Gare de Nemours – St-Pierre. Après 1h de train, nous voici de retour en Seine-et-Marne. Au programme : une randonnée jusqu’à Souppes-sur-Loing en passant par la Forêt Domaniale de Nanteau.

L’intégralité de ce parcours suit le tracé du GR 13 (blanc-rouge).

Départ : Nemours-Saint-Pierre, Ligne R
Arrivée : Souppes-Château-Landon, Ligne R
Durée estimée : 6H
Distance estimée : 25 km
Balisage : blanc-rouge

NEMOURS

Surnommée la Venise du Gâtinais, Nemours est située à 75 km au sud-est de Paris, à la limite des départements du Loiret et de l’Yonne. Entourée par les eaux du Loing et la forêt, elle a perdu une grande partie de son caractère provincial. Alors pour échapper aux kébabs et à la circulation, il faut se rendre derrière l’imposante Église Saint-Jean-Baptiste (XIIe siècle). Ici, le temps semble suspendu.

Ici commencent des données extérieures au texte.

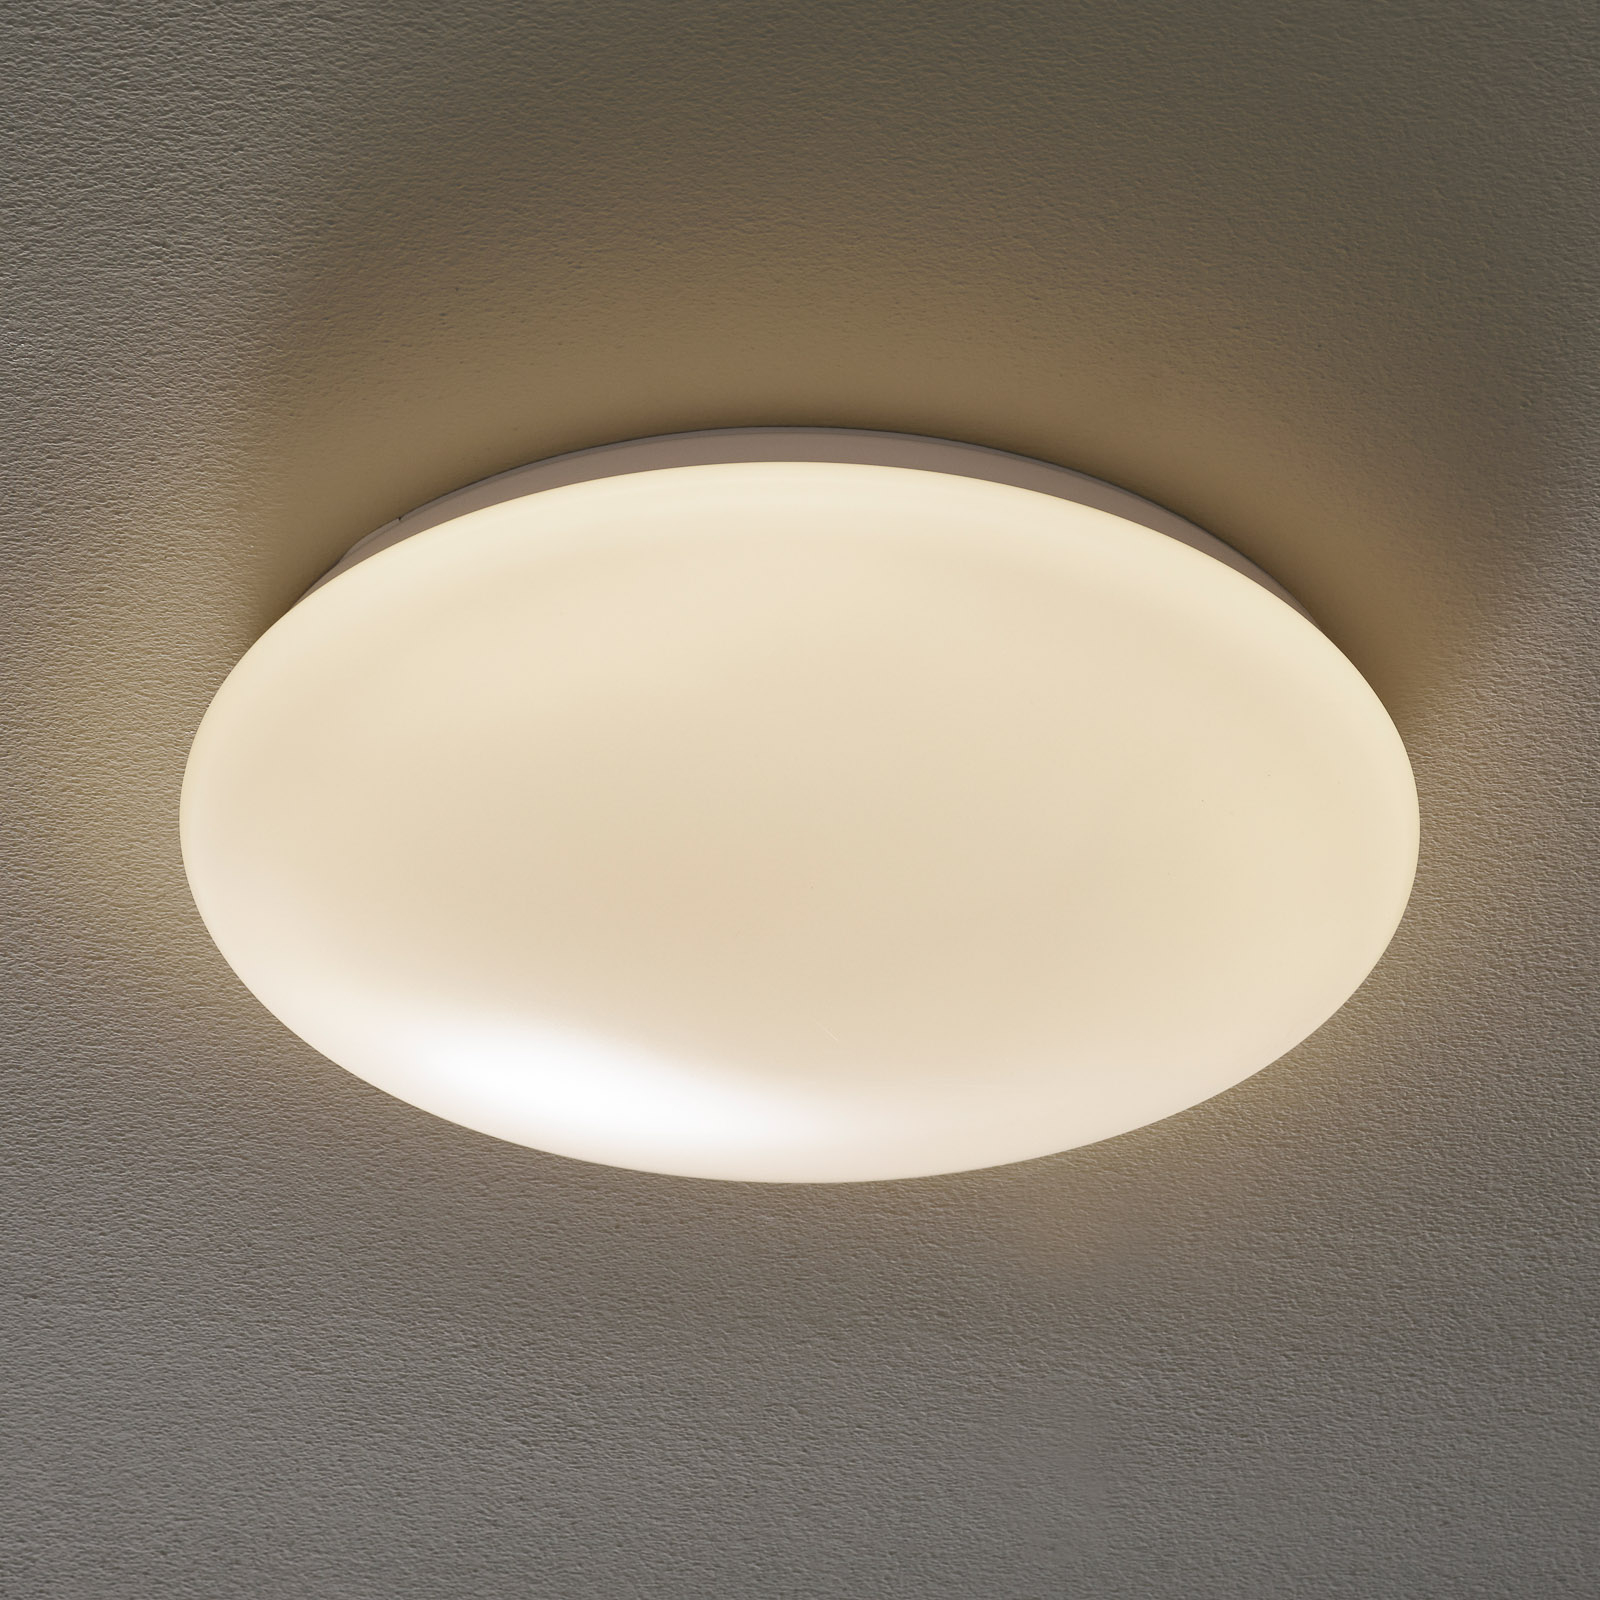 Lampa sufitowa LED Altona LW3 -ciepła biel Ø38,5cm

Près de jardins aménagés, les tourelles du Château Musée de Nemours (XIIe siècle) se dressent fièrement à l’ombre des grands arbres. Il s’agit de l’un des seuls châteaux forts de ville en Ile-de-France. En face, sur l’autre berge, on peut apercevoir un ancien lavoir en bois. Un autre, beaucoup plus modeste nous attend derrière le château au bout d’une ruelle pavée.

Nous retournons sur nos pas pour rejoindre la mairie et Les Petits Fossés, Quai Victor Hugo. Ce bras artificiel de 2 kilomètres de long créé à partir du Loing entoure le cœur historique de la ville et propose une charmante promenade ombragée.

Encore un petit tour dans le centre et il est temps de poursuivre notre randonnée en traversant son fameux Grand Pont. Le sentier du GR13 nous amène bientôt au Châtelet qui nous offre une vue imprenable sur cette cité médiévale.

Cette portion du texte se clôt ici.